Há tempos o Fringe tem sido fonte de belos achados. Foi assim com o Espanca!, a Cia Clara, a Luna Lunera, todos de Minas. Mas as edições anteriores nunca haviam demorado tanto a apresentar pepitas. Uma é de Minas - “Fala Comigo Como a Chuva” ganhou comentários elogiosos, espaços generosos.
Um dos melhores trabalhos da temporada mineira de 2008, a montagem da Cia Teatro Adulto pode render a Samira Ávila os dois prêmios de Melhor Atriz. Ela, que já atuou no Espanca!, dificilmente encontrará concorrência à altura. A luz de Telma Fernandes também deve concorrer aos prêmios. É ótima.

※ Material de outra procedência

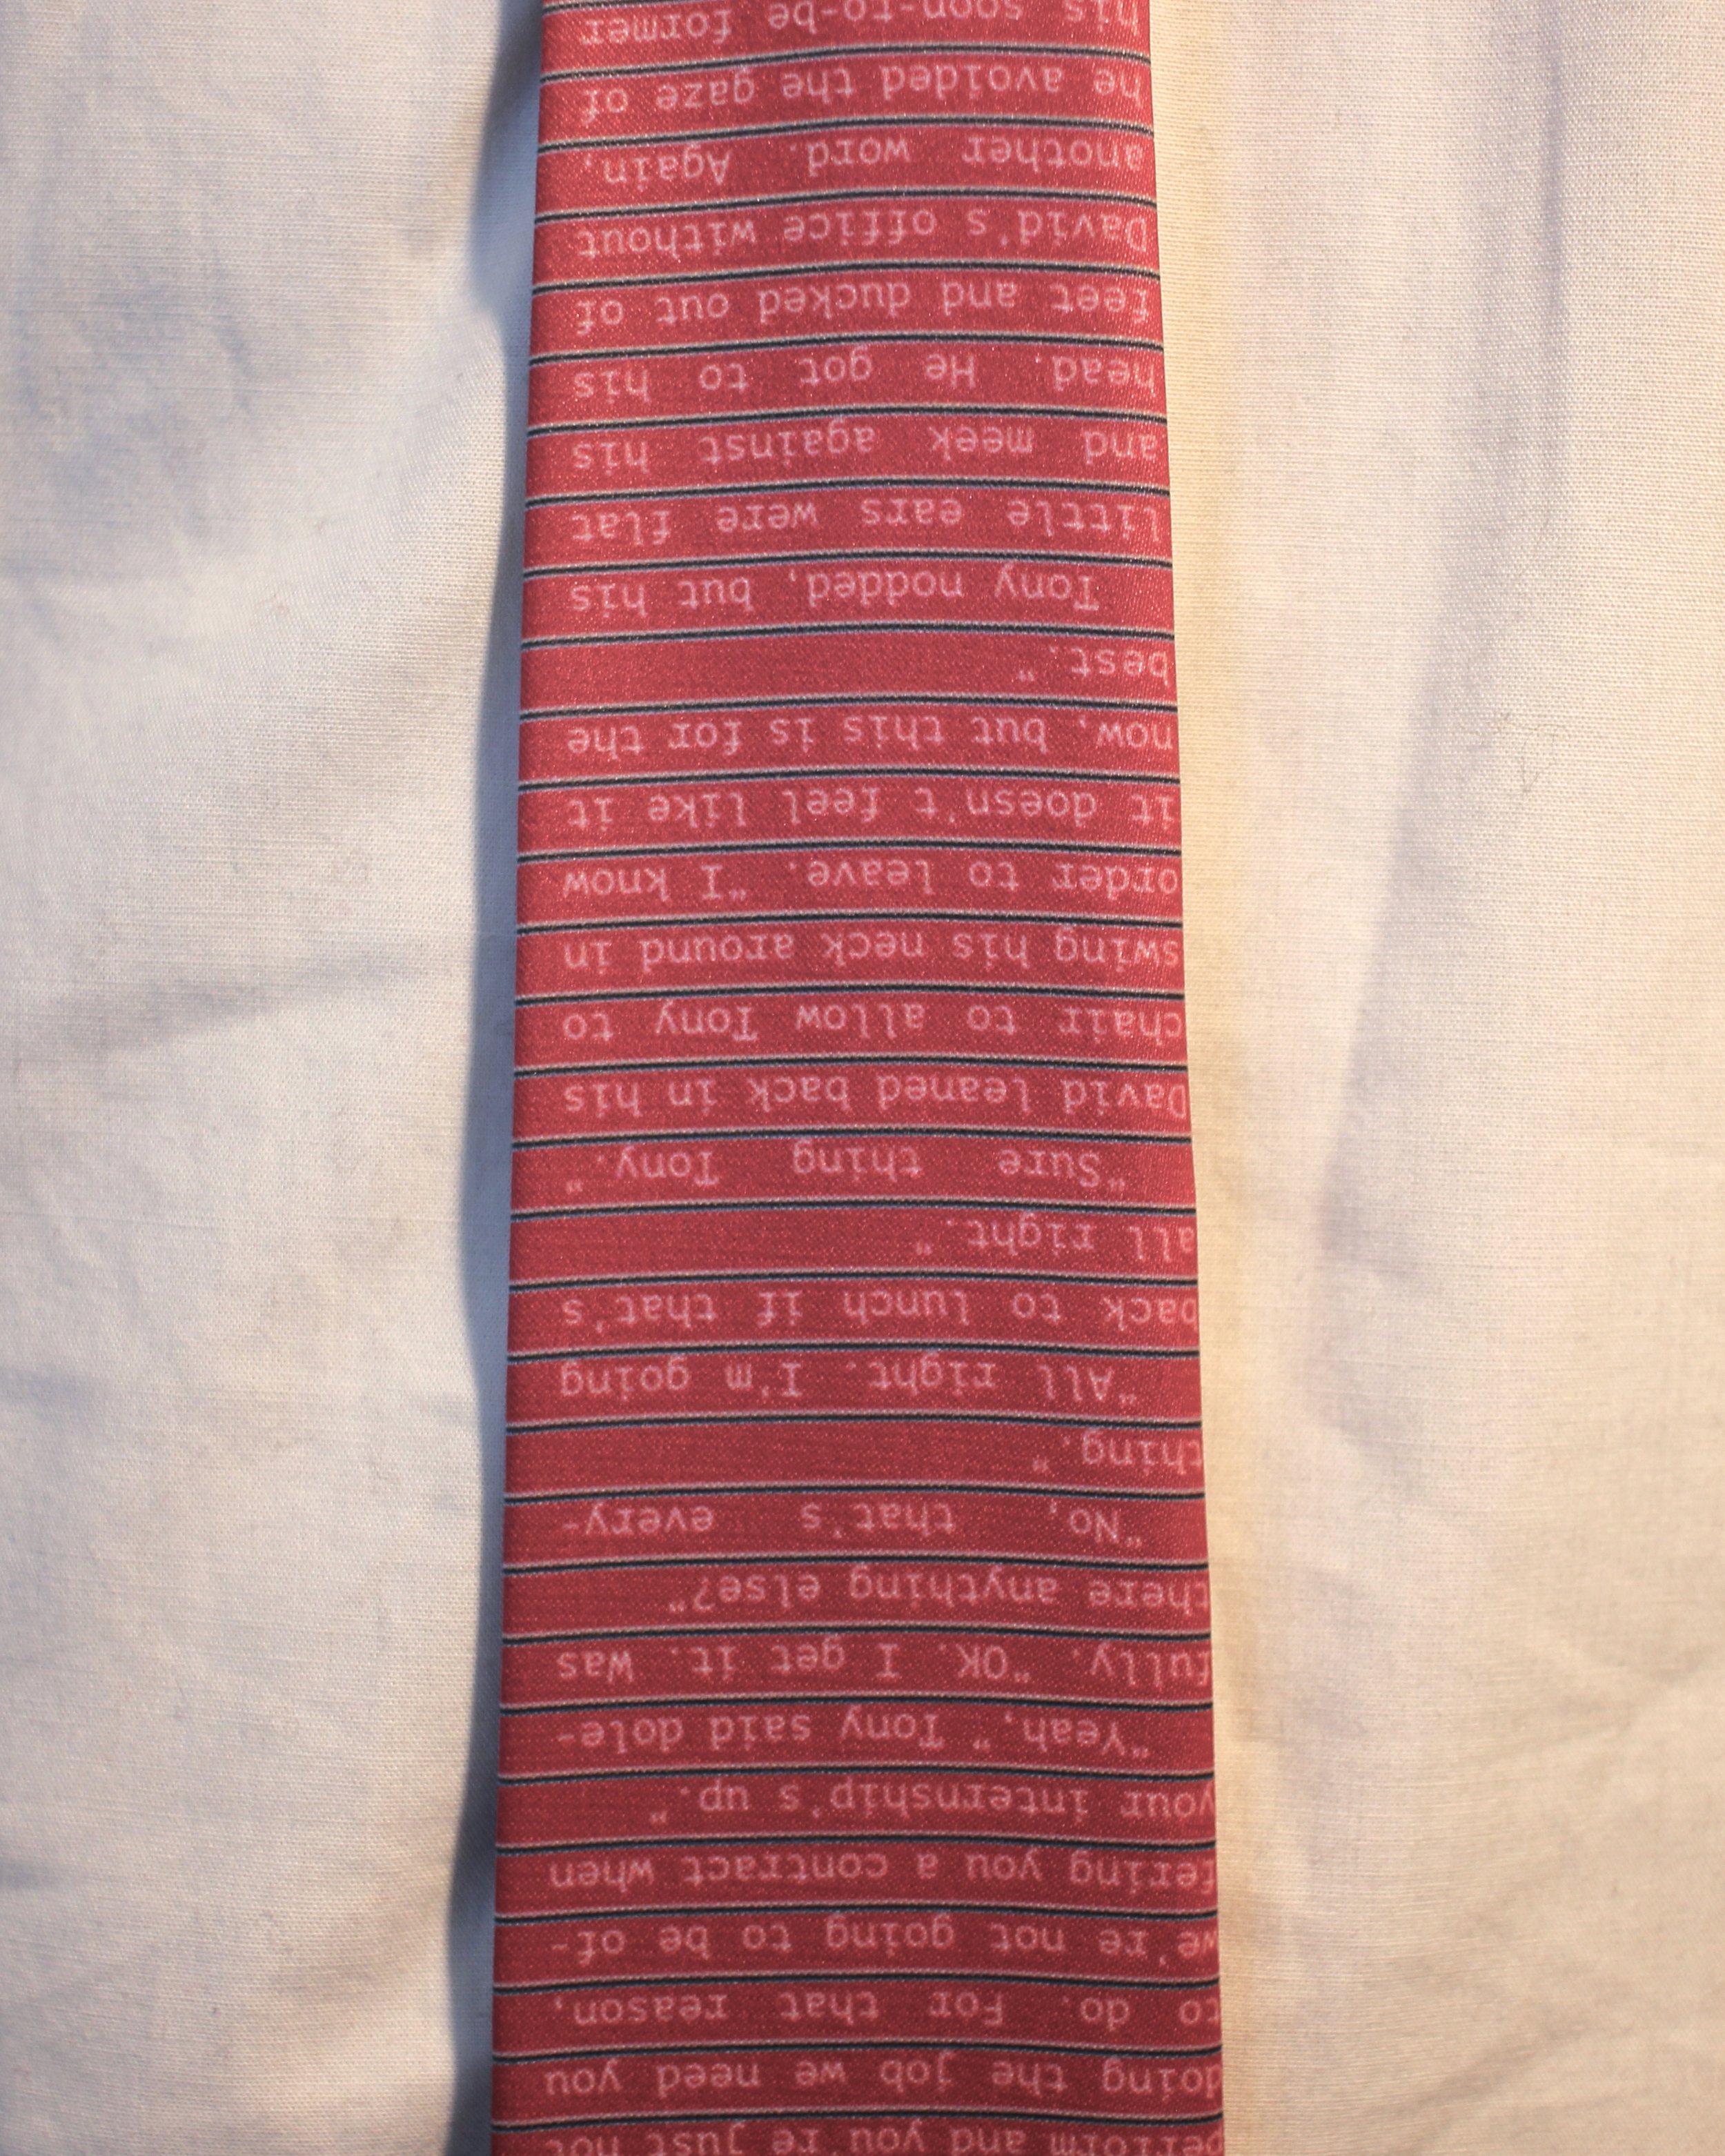 Tie worn by idiot (3)

O texto curto de Tennessee Williams não reserva muito espaço para Luiz Arthur, sujeito que volta para o lar após uma temporada de desregrada bebedeira. Excelente ator, Luiz parece aquém da tarefa de insinuar as intenções do seu personagem com tão poucas palavras. A direção de Cynthia Paulino, a primeira num patamar profissional, demonstra traquejo. Ergue um espetáculo digno, convincente. Talvez redundante na escolha das canções da trilha, um tanto legendas, e seja menos feliz em certas escolhas (a água que escorre ao fundo, um painel com um recorte de Klimt, figurinos seguidamente tirados, molhados, recolocados; e vasos de vidro no canto esquerdo do palco), que não colaboram para sugerir mais camadas de interpretação do texto e das situações. Ainda assim, o espetáculo se impõe. É altamente recomendável, e um nível tão consistente que o destacou entre centenas de alternativas em Curitiba.
Outro destaque do Fringe até aqui é “Além da Mágica”, show de ilusionismo do paulista Célio Amino, ainda que soe realmente estranho que um show de mágica chame tanta atenção num festival consagrado ao teatro. Além de o teatro não estar grande coisa neste Fringe, o espetáculo de Amino é encantador, um grande programa para espectadores de todas as idades. Além de os números impressionarem, o espetáculo propõe uma dramaturgia básica, de como um garoto atento, curioso, aprendeu esta técnica milenar com um mestre japonês. Ele mesmo um descendente de japoneses, Amino é um mágico diferenciado: não incorre no arrogância da performance, na ilusão de que domina completamente seu ofício. Tanto cede a impressão de poder falhar, como não se desespera com esta possibilidade. Todo o espetáculo é perpassado por falas de cunho filosófico, inclusive que cada um dos mágicos, isoladamente, perpetuariam uma tradição. Amino perpetua, com imensa graça.
Esta bela criação supervisionada por Chiquinho Medeiros, poderá ser vista em outros praças, muito em breve: os curadores dos festivais de Salvador, Nehle Franke, e Ipatinga, Michel Ferrabiamo, pegaram contato. Amino, no entanto, tem agenda cheia em 2010: foi escolhido para participar de uma versão operística de “A Flauta Mágica”, em Paris, dirigida por nada menos que Peter Brook. Sentiu o nível?.
(*) O jornalista viajou a convite do festival.